Ces événements illustrent une tendance alarmante : le musèlement de la société civile et la répression des voix critiques au Burkina Faso.
Une militante engagée pour la justice
Ini Benjamine Esther Doli s’était illustrée par son combat pour la liberté d’expression et la défense des droits fondamentaux. Sur sa page Facebook, elle dénonçait régulièrement les violations des droits humains, notamment les intimidations, les enlèvements et les entraves à l’indépendance de la justice. Ses publications mettaient en lumière les dysfonctionnements du système judiciaire burkinabè et la nécessité de renforcer son intégrité.
Son arrestation fait suite à une publication critiquant les méthodes répressives des autorités militaires et rendant hommage à Thomas Sankara. Cette intervention lui a valu d’être enlevée dans la nuit du 31 août au 1er septembre 2025 par des individus se présentant comme des gendarmes, peu après son retour d’un voyage à l’étranger.
L’enquête ouverte contre elle pour trahison, outrage au chef de l’État et démoralisation des forces armées a été lancée dès le 4 septembre 2025, après qu’elle eut été informée de l’imminence d’une procédure judiciaire.
Une situation similaire à celle d’autres défenseurs des droits humains
Le cas d’Ini Benjamine Esther Doli rappelle celui de Guy Hervé Kam, avocat et cofondateur du Balai citoyen, toujours détenu arbitrairement depuis son arrestation le 24 janvier 2024. Ces situations illustrent une volonté de réduire au silence les défenseurs des droits humains et les journalistes au Burkina Faso.

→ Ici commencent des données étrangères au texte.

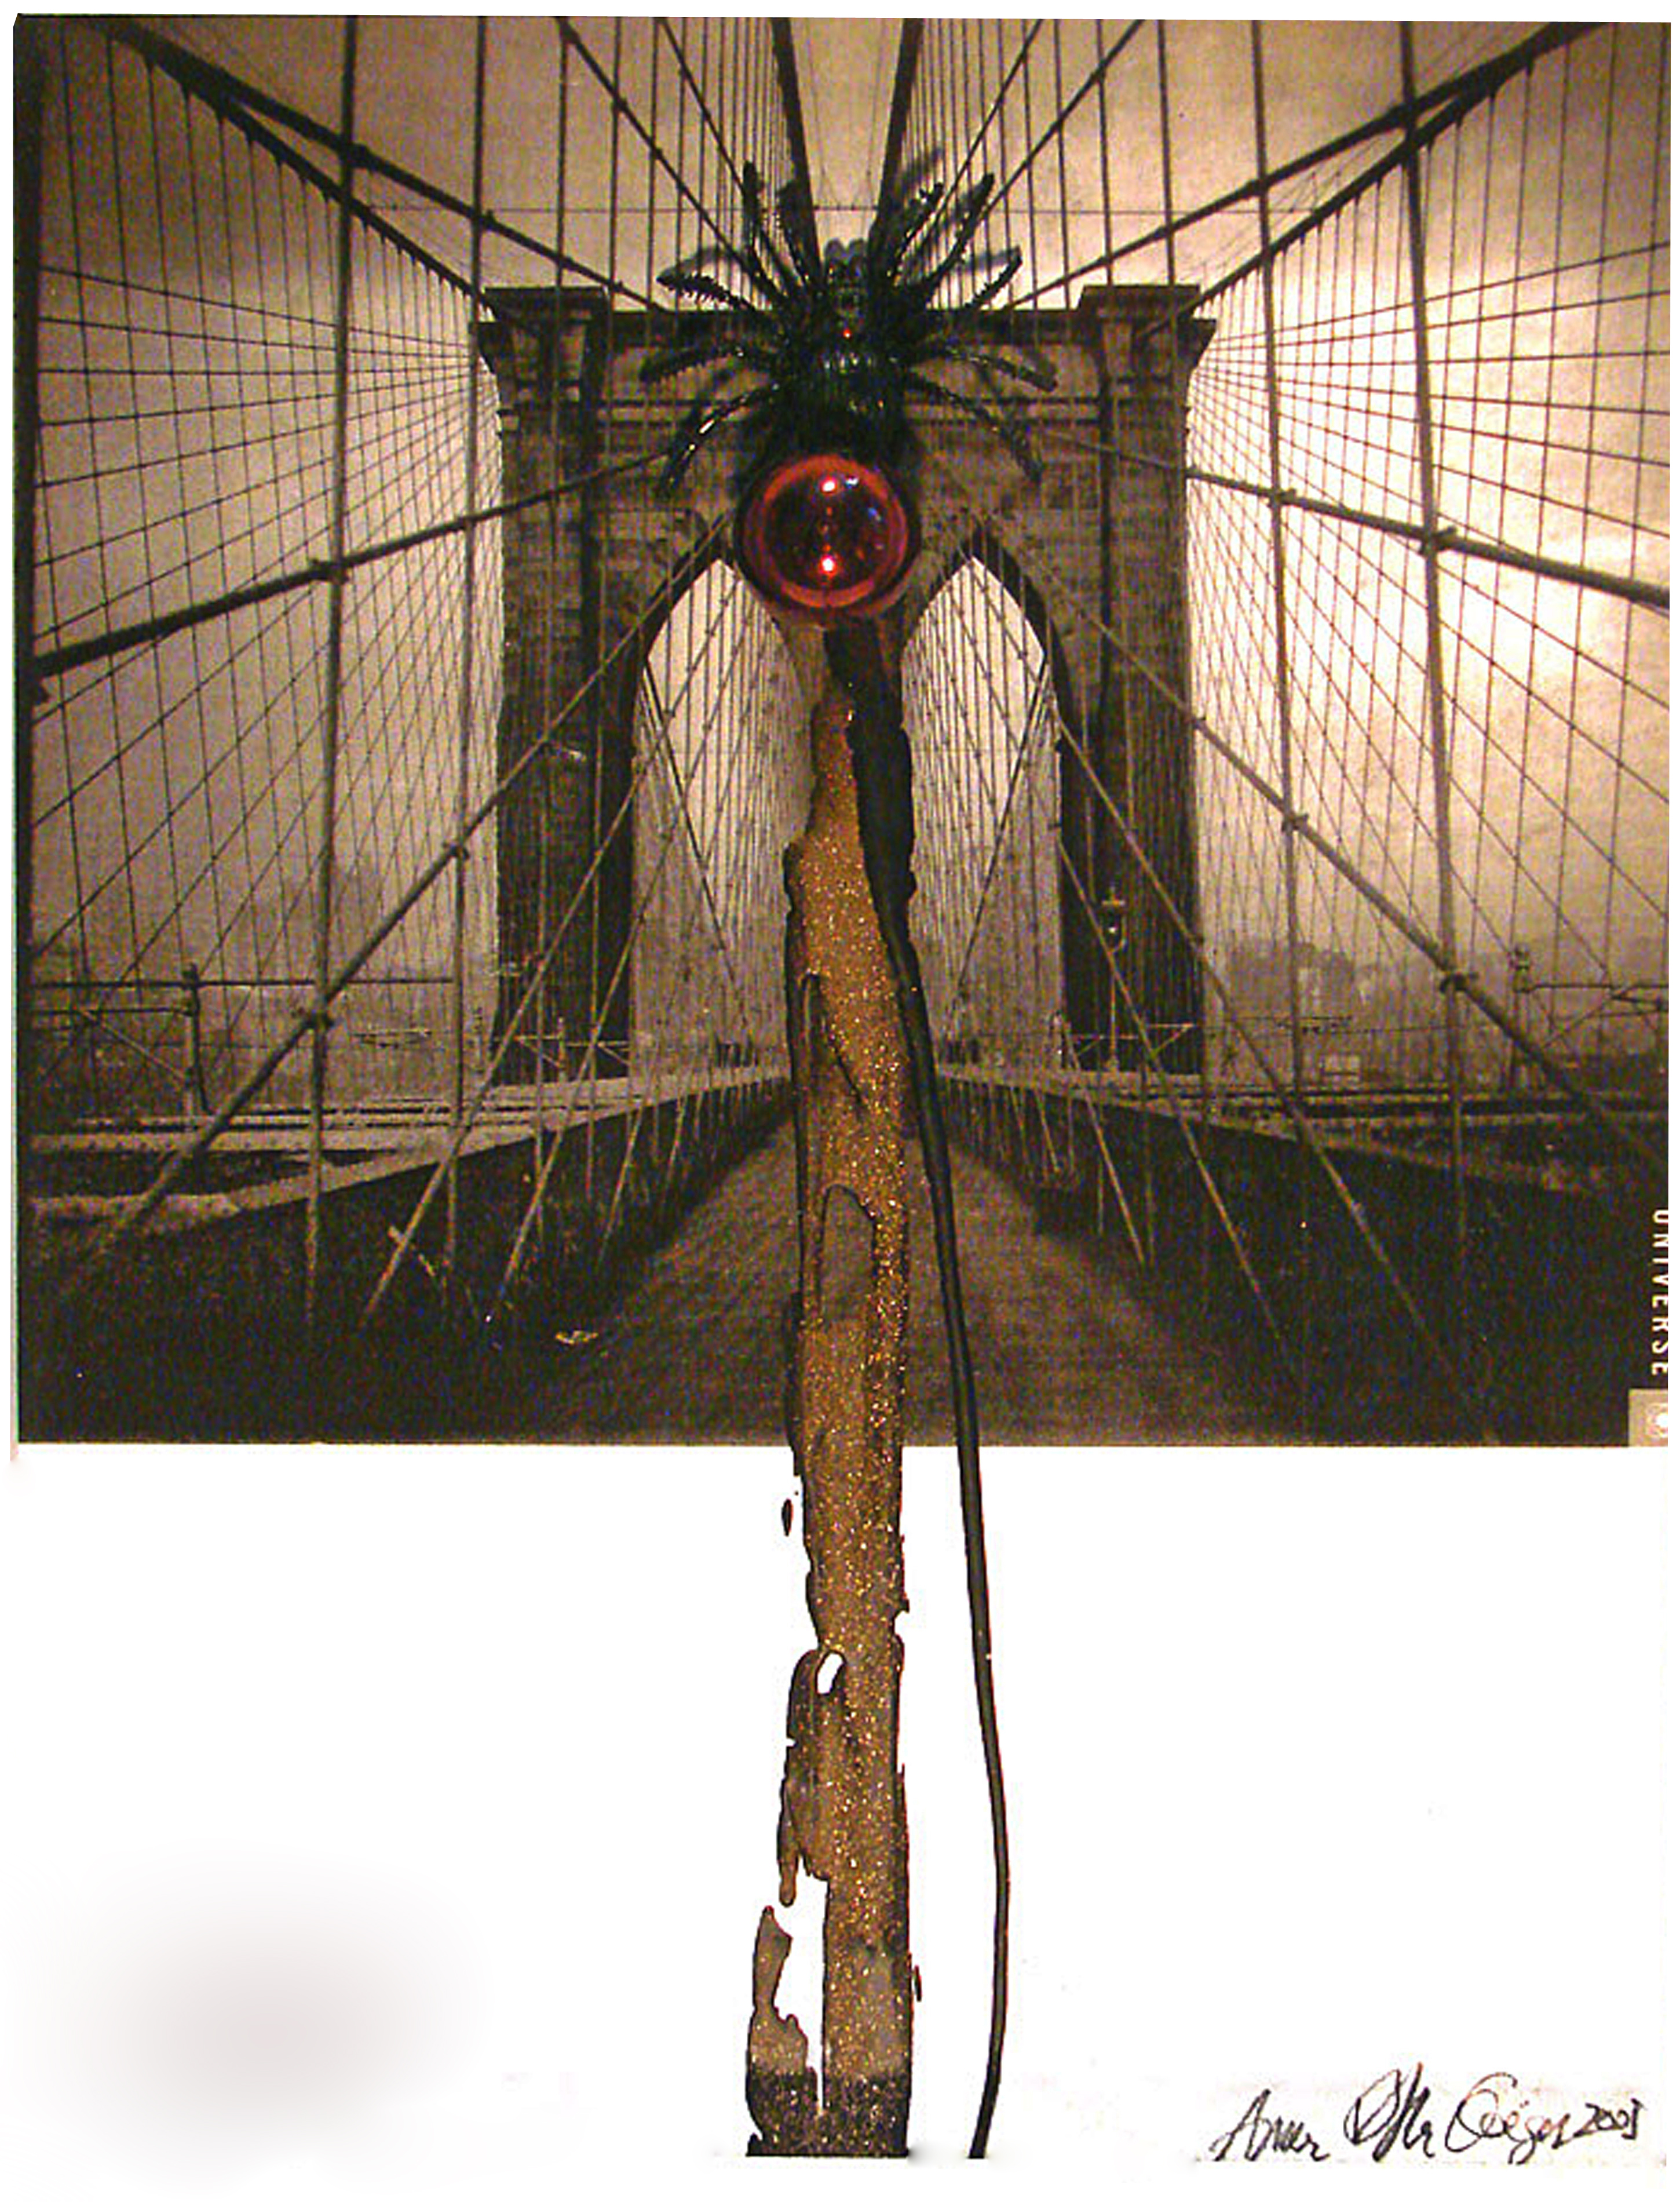 Anna Bella Geiger, Flumenpont n°2, Universe New York, Fotografia, encáustica, vidro, plástico e limalha, 39 x 31 cm, 2001-2005.

Les exigences de la communauté internationale
Face à cette escalade de la répression, des organisations de défense des droits humains appellent à une intervention urgente. Elles exigent :
- La libération immédiate et inconditionnelle d’Ini Benjamine Esther Doli ;
- La fin de tout harcèlement judiciaire à son encontre et envers les autres défenseurs des droits humains ;
- Le respect strict des libertés fondamentales, notamment la liberté d’expression et d’association, conformément aux normes internationales ;
- La tenue d’une enquête indépendante pour déterminer les circonstances de son enlèvement et de celui des autres défenseurs disparus.
Ces mesures sont essentielles pour rétablir un climat de confiance et garantir la protection des droits humains au Burkina Faso.
Comment agir pour soutenir Ini Benjamine Esther Doli ?
Pour faire entendre votre voix et exiger sa libération, vous pouvez interpeller les autorités burkinabè via les canaux suivants :
- Capitaine Ibrahim Traore, Président du MPSR II : @CapitaineIb22 ;
- Jean-Emmanuel Ouédraogo, Premier ministre : @J_E_Ouedraogo ;
- Edasso Rodrigue Bayala, Ministre de la Justice : [email protected] ;
- Jean Marie Karamoko Traore, Ministre des Affaires étrangères : [email protected] ou @JeanMarieTraore ;
- Commission nationale des droits humains du Burkina Faso : [email protected] ou @BurkinaCndhX ;
- Sabine Bakyono Kanzie, Mission permanente du Burkina Faso à l’ONU : [email protected] ;
- Oumarou Ganou, Représentant permanent du Burkina Faso à l’ONU : [email protected] ;
- Mission permanente du Burkina Faso auprès de l’Union africaine : [email protected].
N’hésitez pas à relayer cette information auprès des représentations diplomatiques du Burkina Faso dans votre pays.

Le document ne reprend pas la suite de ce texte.